[pmwiki-users] Custom markup - where to begin?

Peter & Melodye Bowers pbowers at pobox.com
Sat Apr 26 04:00:02 CDT 2008

> +   Where can I find the documentation for how to write one? I 
> tried finding
>      something but apparently didn't manage to find it.

This is a question which causes difficulties because it's hard to put a
boundary around the answer.  I'll try to be brief with the understanding
that there are others out there with a much broader understanding of all the
ways a "plugin" can occur in PmWiki.

The most typical kind of "plugin" (I'll call it a "recipe" from here on out
because that's how they're named in the PmWiki world) is to establish some
kind of markup.  This means you are creating some particular "pattern" of
text in your page which will cause some action and cause that particular
text to be replaced with something else.

You're on the correct page at PmWiki/CustomMarkup to read more about this.
Basically creating a new markup involves first (and perhaps only?) a call to
the PHP Markup() function (usually in your config.php, but alternately in a
custom group or custom page PHP file -- you can read about those at

This Markup() function takes 4 arguments:

1: The arbitrary name you are going to give your new markup.  It should be
short but descriptive.  Be careful you don't use the same name as another
markup out there or that markup will no longer be active.  (You can see most
markup definitions in scripts/stdmarkup.php.)  An example for you might be
"MyPics" or "ApertureTags" or something that refers to how the pattern of
text might look - it's arbitrary, so it's your call.

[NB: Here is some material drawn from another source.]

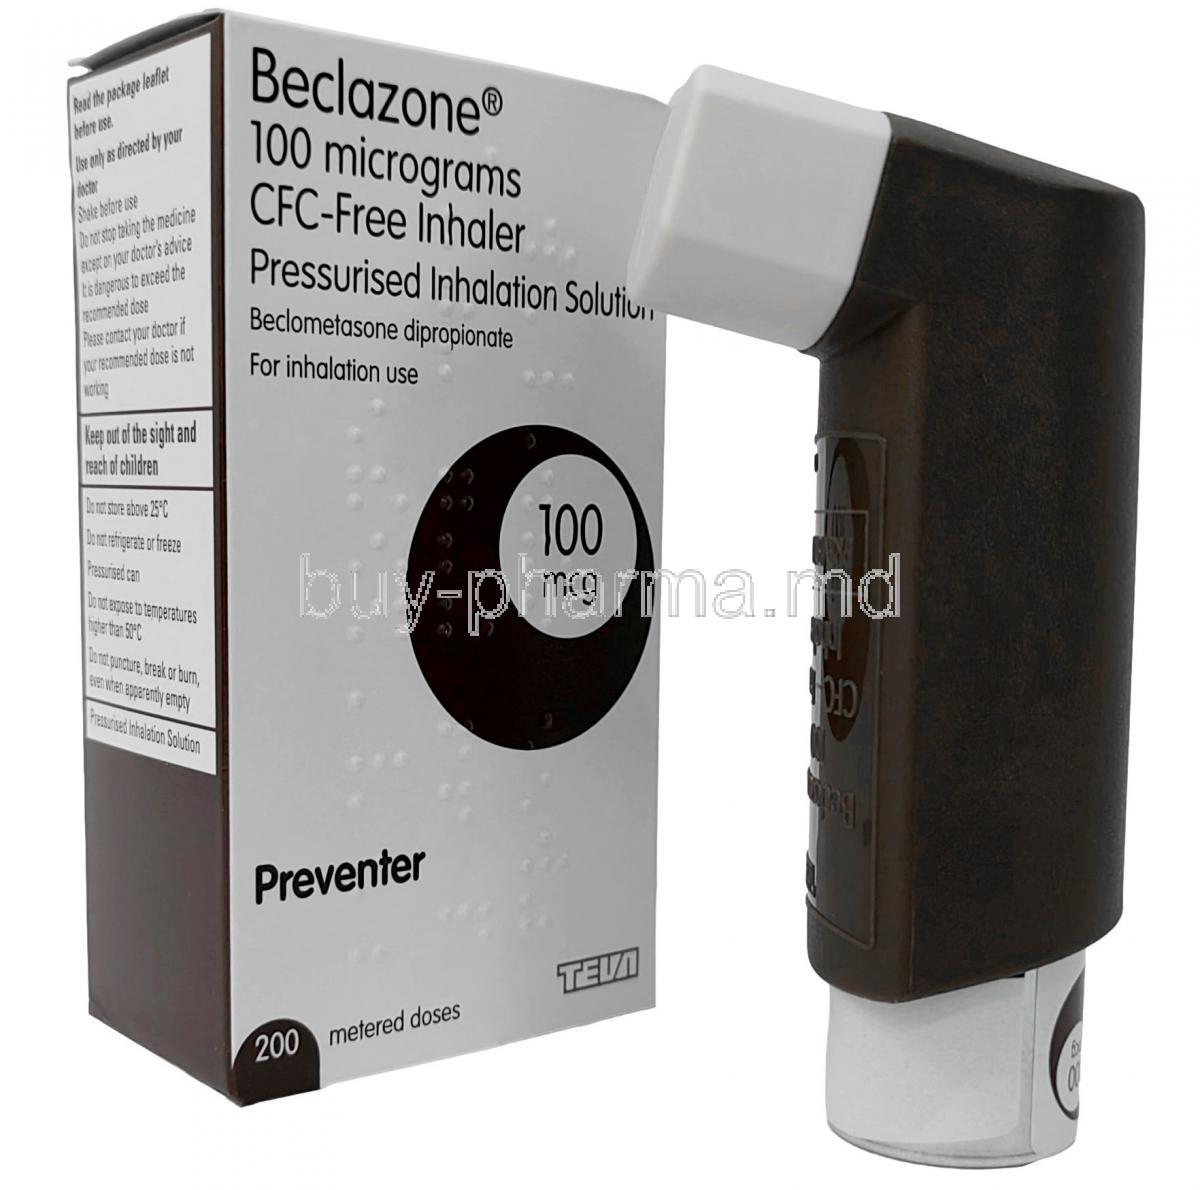 Beclazone Inhaler, Beclomethasone 100 mcg, Inhaler 200 Dose, Takeda Teva, Box, Inhaler
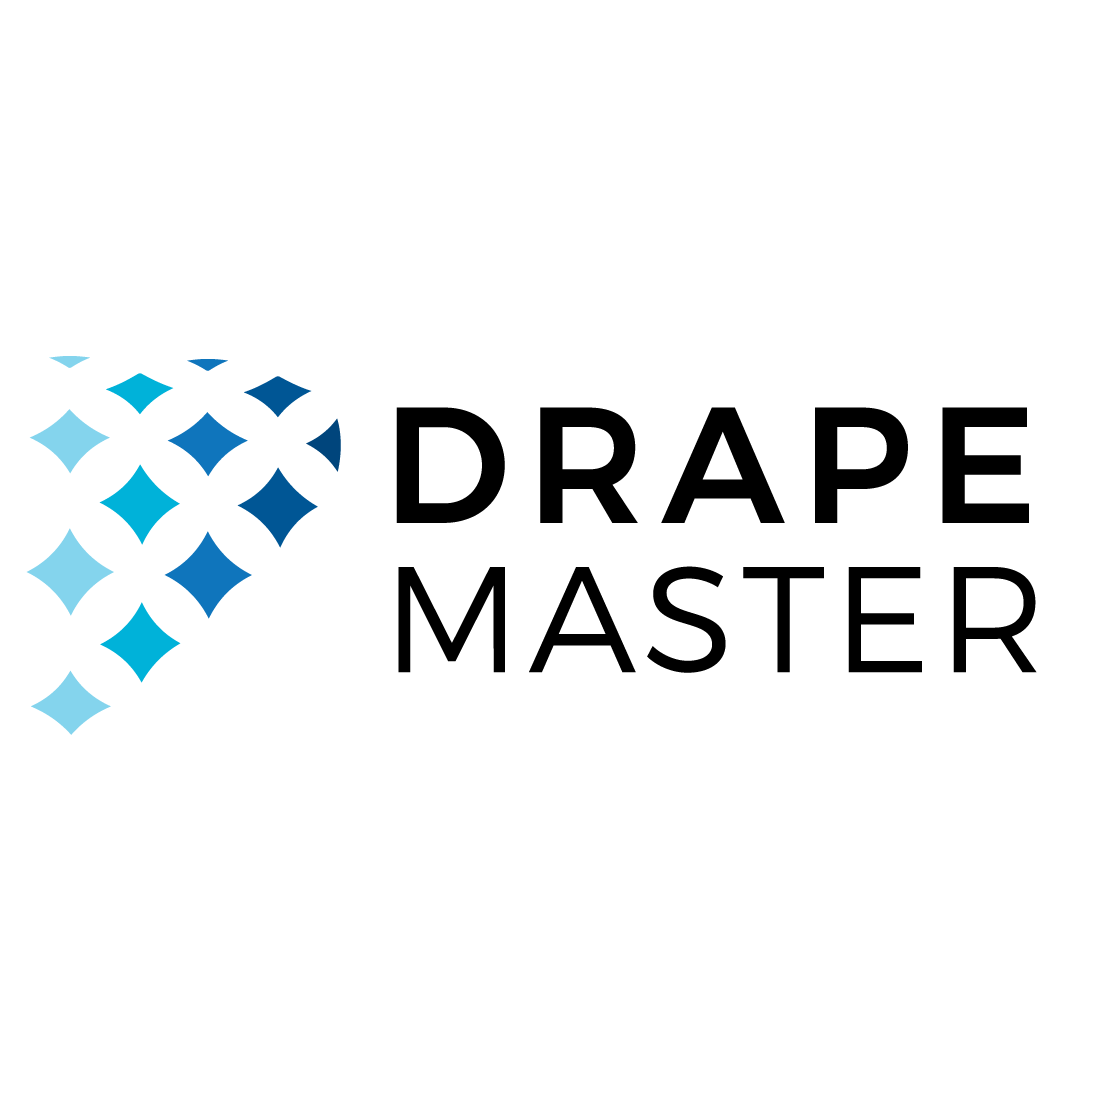 Drape Master's logo

2: An indicator of WHEN you want this to occur.  PmWiki has dozens of these
markup rules and it makes a big difference in what order they occur.  If one
markup rules (#1) changes all occurrences of "a" into "b" and another markup
(#2) changes all occurrences of "az" into "zz" it obviously makes a big
difference in what order they occur.  If #1 occurs before #2 on the text
"azazaz" then you will end up with "bzbzbz".  But if #2 occurs before #1
then you will end up with "zzzzzz".  This argument is normally specified as
a left-angle bracket ("before") or a right-angle bracket ("after") followed
by the name of another rule.  In my experience the most significant rule in
terms of ordering is "{$var}" which substitutes variables -- if you say
"<{$var}" then your markup will be processed before variables are
substituted whereas if you say ">{$var}" then your markup will be processed
after variables are substituted.  But there are lots of other places in the
whole order of rules -- someone else will have to go into more detail if you
need it.  That CustomMarkup page gives some good pointers there.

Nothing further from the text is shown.